The USA Today ran a feature story today on investment firms that are trying to mine Twitter for insight as to how the market will move, and thereby improve investment returns. What's the logic here? Apparently, some experts have found that rigorous analysis of tweets can yield insight as to people's emotional state. Experts then believe those emotions drive investment behavior.
These investment firms cite the research conducted at Indiana University last year by Johan Bollen, a professor of informatics. He found a correlation between the collective mood, as determined by an analysis of millions of tweets, and the movement of the Dow Jones average in subsequent days. Bollen reports an 87% accuracy rate for his algorithms which use Twitter mood measurements to predict the DJIA over the next 3-4 days. Other research focuses on specific companies. Arthur O'Connor, a doctoral candidate at Pace University, has performed a research study which found a positive correlation between social media popularity of major brand names and the performance of those firms' stock prices.

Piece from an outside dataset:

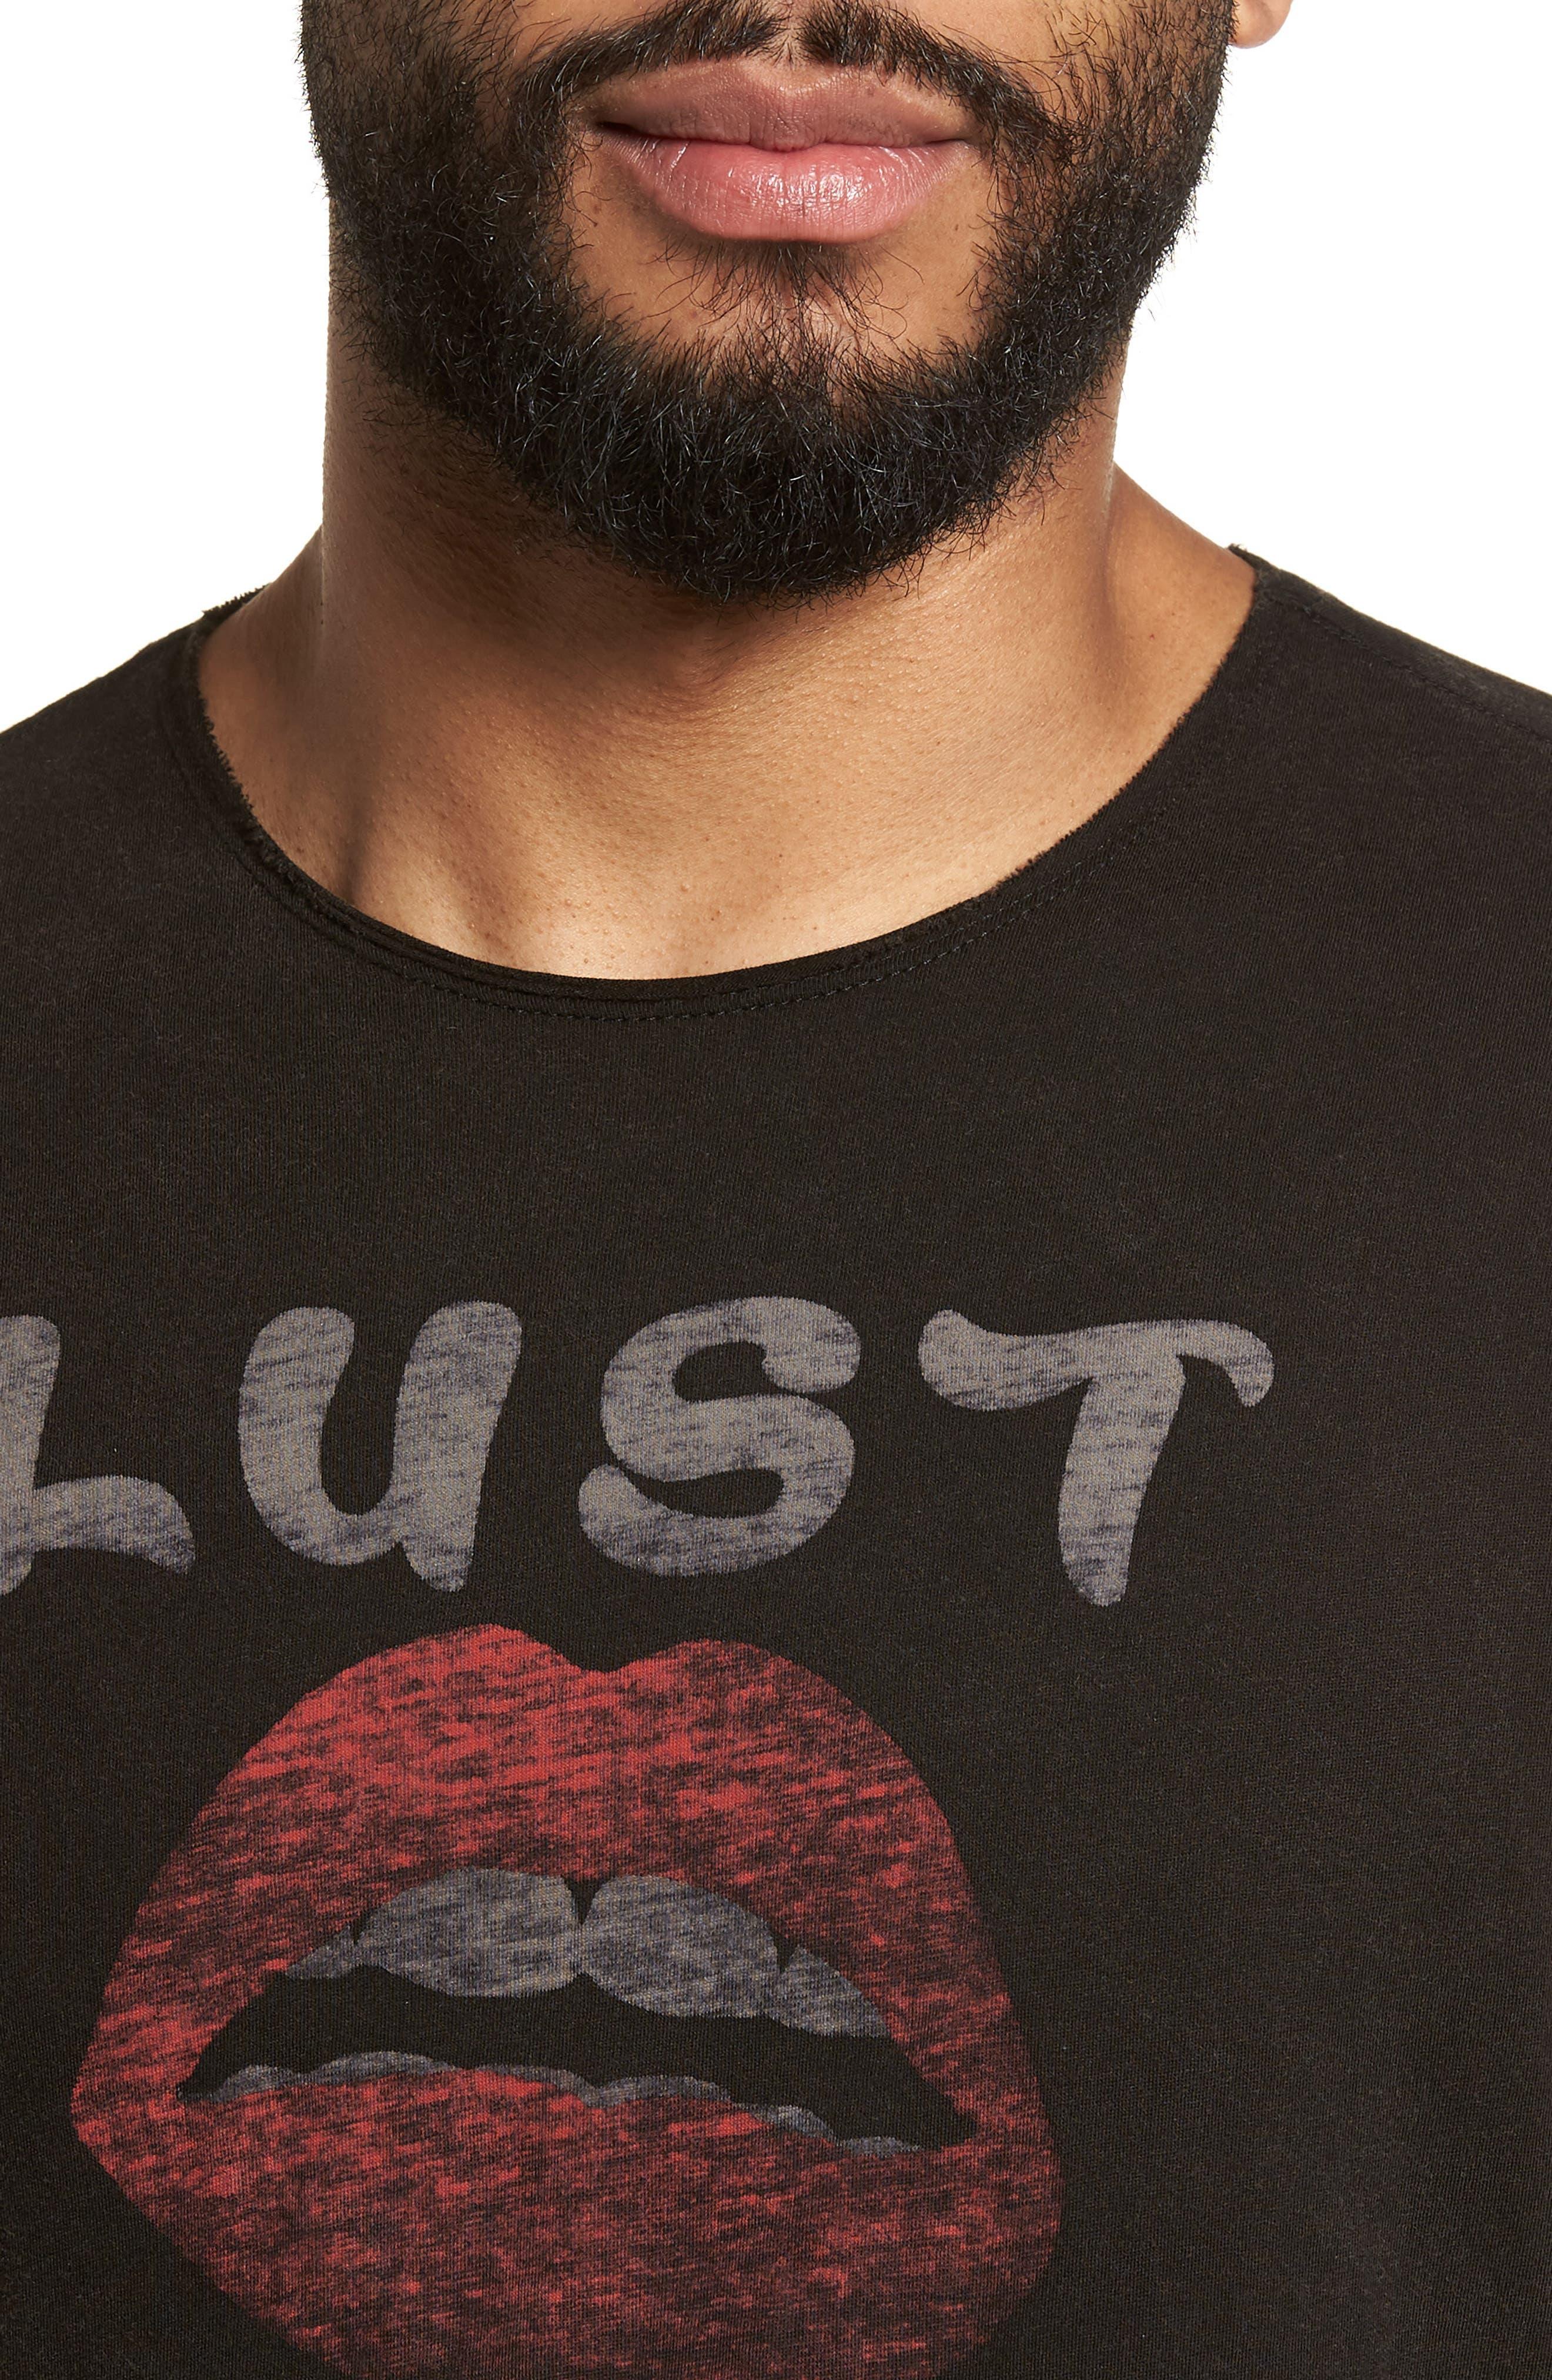 Lust or Bust T-Shirt,                             Alternate thumbnail 4, color,                             001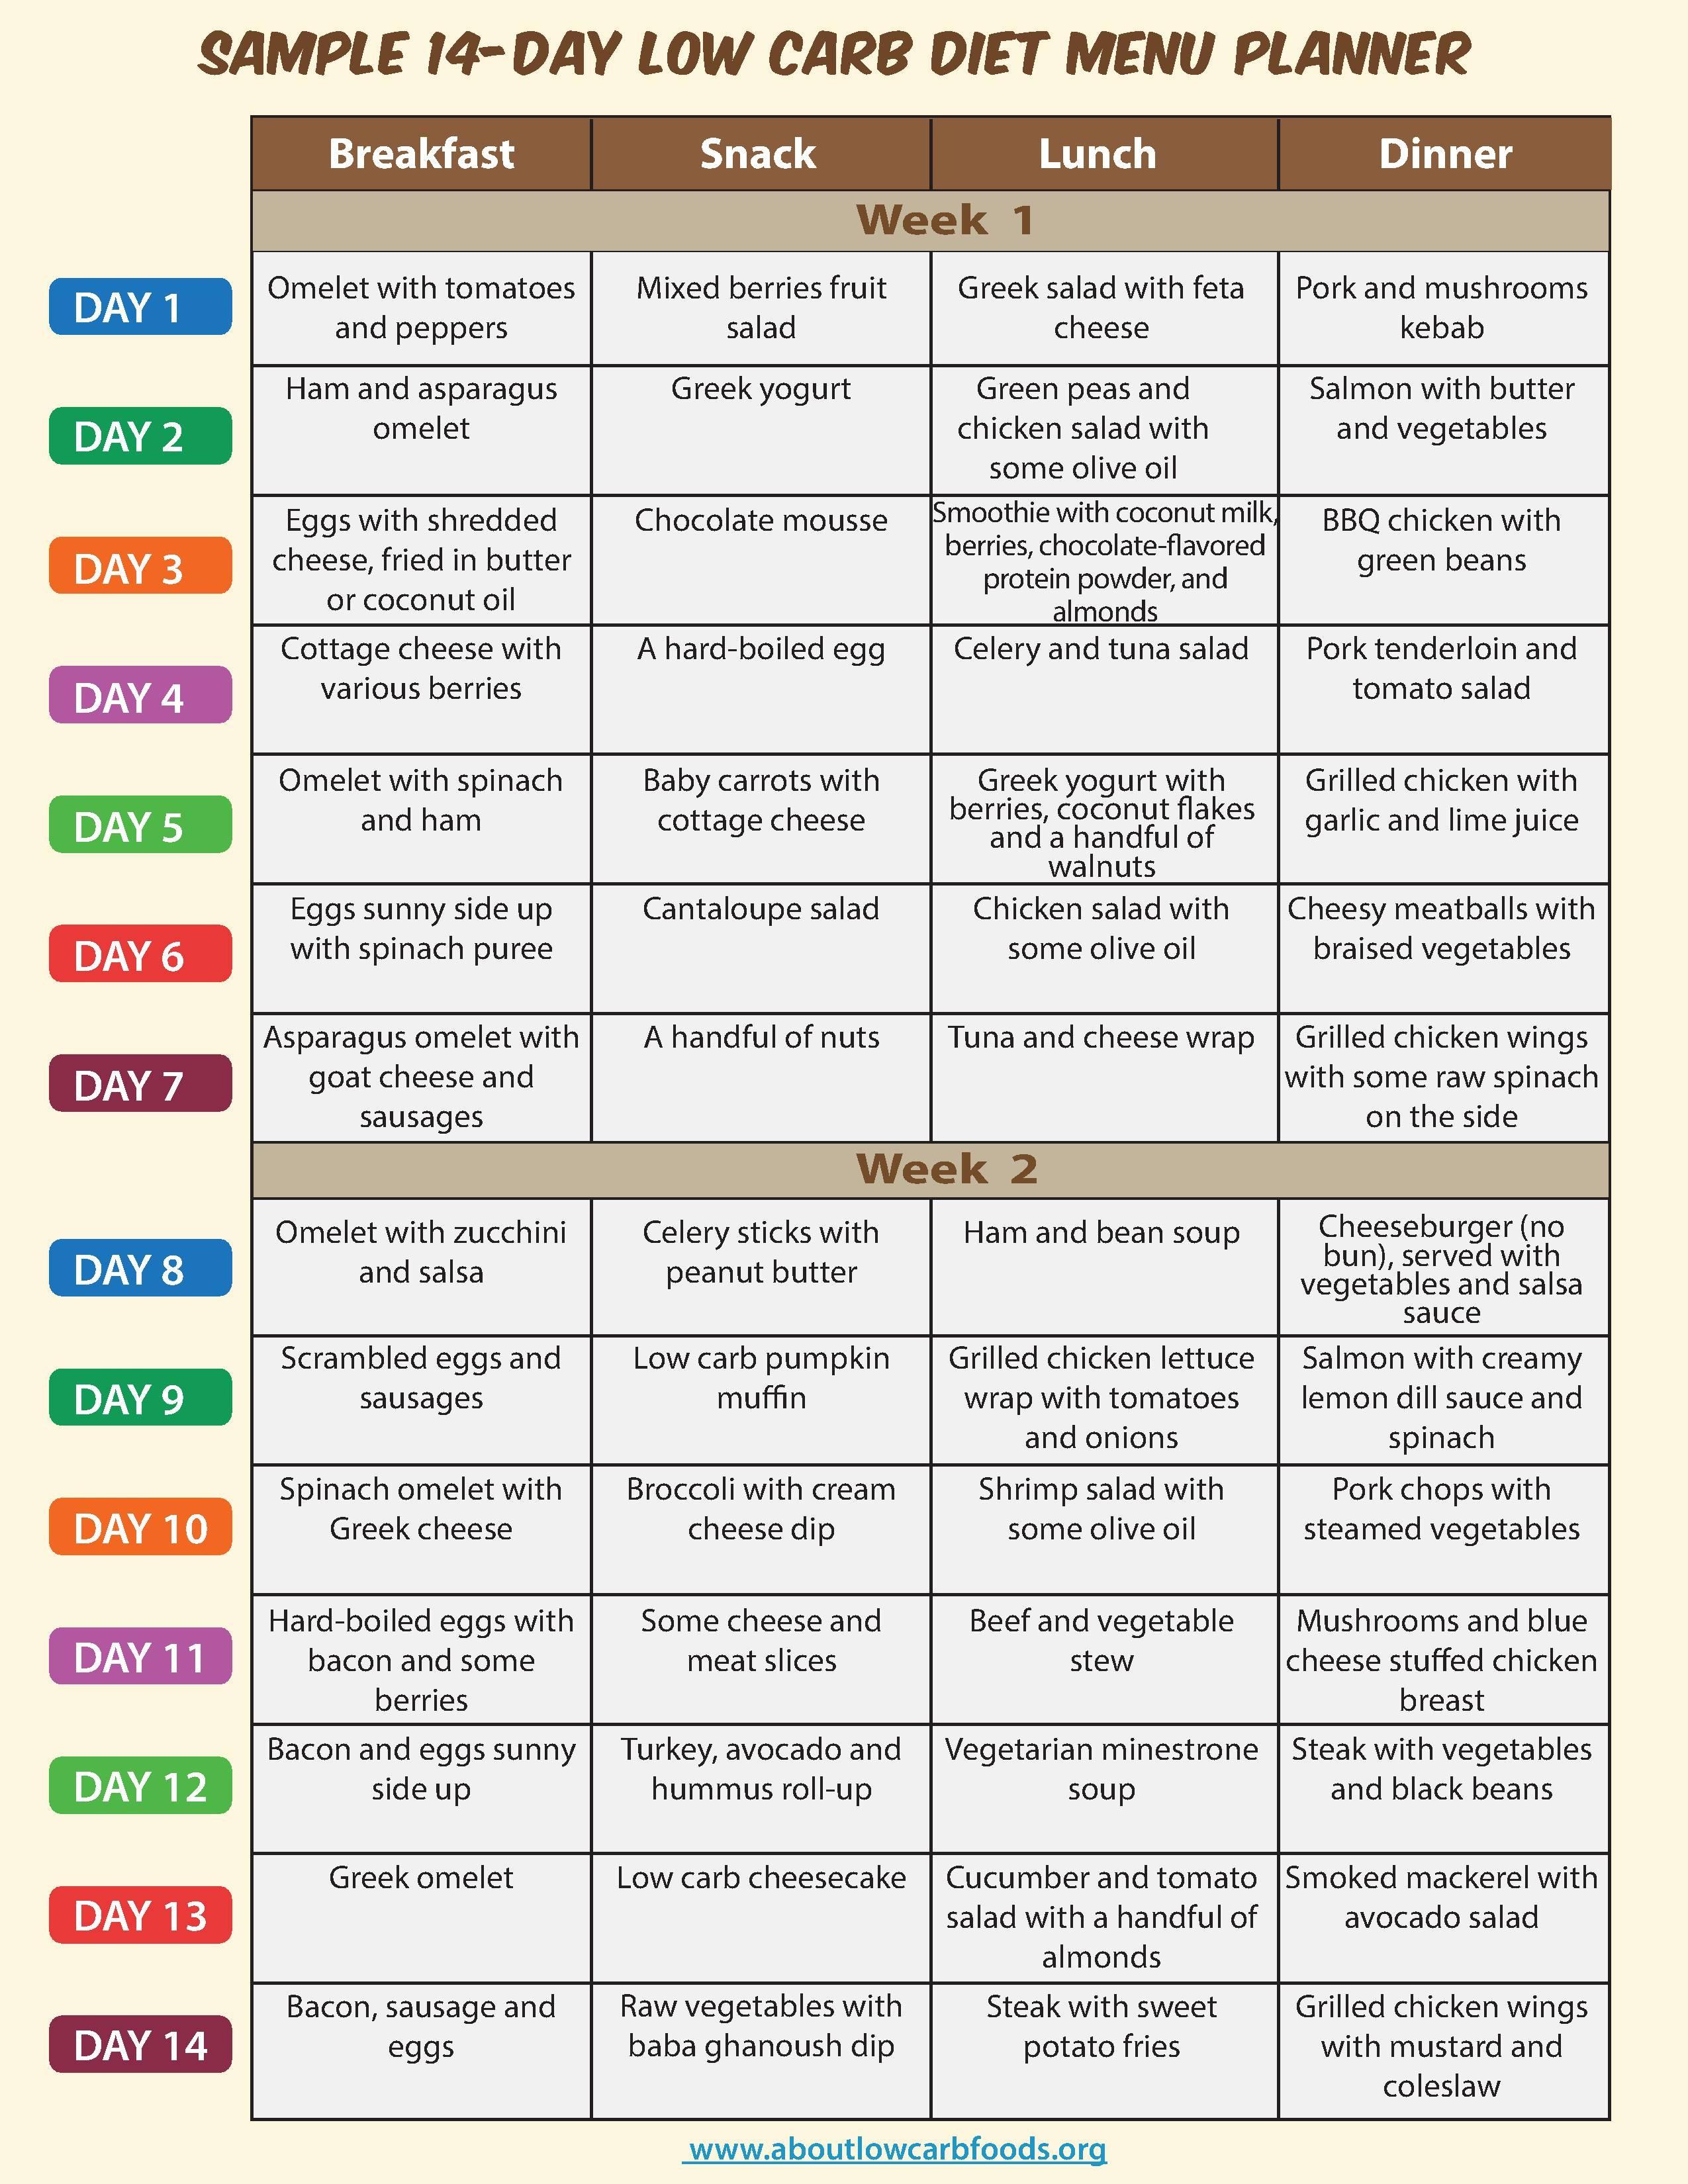 Sample Low Carb Diet Menu - About Low Carb Foods - Free Printable Low Carb Diet Plans

While one might doubt the findings of these particular studies, the overall trend bears watching. More and more investors will try to glean insights from this abundance of data that is available online. Some algorithms will be better than others, but ignoring the data altogether surely cannot make sense. Information is power in the investment community, and social media does provide a great deal of data that may be relevant. The key question is how to mine that dataset most effectively, and then how to build the best predictive algorithms.